I’m still not familiar about how to import data using Fastai. I have folder where is all of my images. Then every image have id which is then linked to class in csv. Actually there is multiple classes in csv seperated with space. How I can import that data into my model? Could someone put example to better understand.
And also have someone made Medium or other articles about this. I think after seeing some examples it is easier for me to understand it better.
Has anyone used the command data.use_partial_data where data is an ItemList? If so, would you please share your example?
Is use_partial_data a way of only using a subset of the images you have collected while training?
I got the same when trying to access the Zeit documentation. @rachel can you please confirm if the site is going to be down for quite a while or is this just a temporary issue? Thanks!
Edit: course-v3.fast.ai seems to be back up now. Sorry for the trouble
During the preparation of a databunch, is there a reason that the fastai library splits data into the train & valid sets before connecting images with class labels?
Wouldn’t it make more sense to put a similar percentage of each class of image into the train and valid datasets?
Has anyone posted a blog where they deal with the problem that could arise if you have one class with many fewer images than other classes? I think Jeremy mentioned that you could make more copies of the images that had low representation. I understand that if each copy is transformed differently that would reduce overfitting.

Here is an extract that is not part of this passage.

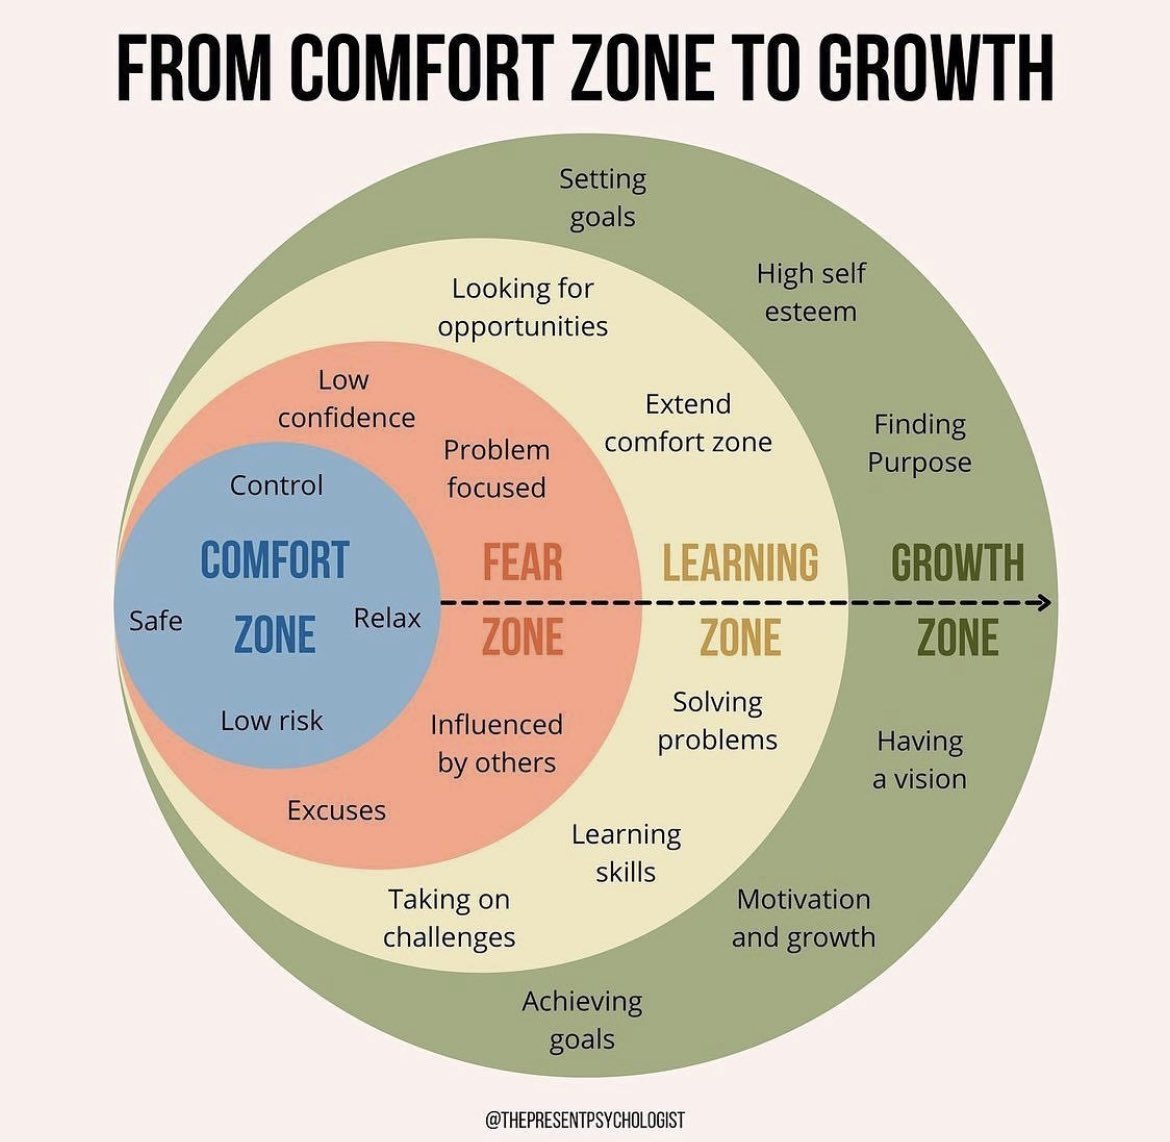 I often talk about magic happening outside of our comfort zone. I love this image because it shows the progression from comfort to growth. I’m here for it… 💙 #GrowthIsUncomfortable

I wonder what the limits are? E.g. if you have 100 images for most classes and only 10 for another, can neural nets do a good job of identifying new images that match the lowly populated class? This seems like a fun experiment! Please share if you have blogged on this topic.
Making additional copies and then using augementation works, but is pretty cludgy.
@radek has a way to do this just by manipulating the train.csv in an intelligent manner (the ‘difficult’ thing here for me at least was constructing the validation set without including ‘copied but transformed’ images) in his Humpback Whale kaggle github repo.
Has anyone looked at solutions to image classifications where the submitted image is totally off-domain? Classifications will always classify - with some level of confidence (probably not the correct statistical term to apply to the accuracy) but the image might not even be in the right domain. Would a binary classifier of all your classes v general images be a good first step? The following is an example where I’d like to respond with “This doesn’t look like a sports picture - but…”
Have you tried grabbing a sample of non-sports images from, say, imagenet and adding them as another class (not_sports or whatever) to your classifier?
“Other” bucketing like this usually works relatively well with more traditional ML techniques…
Thanks @larcat, I was considering that - but with the nature of the pictures and not always having a specific subject I’d wondered if a binary all sports v others might be a better way. I’ll try both approaches.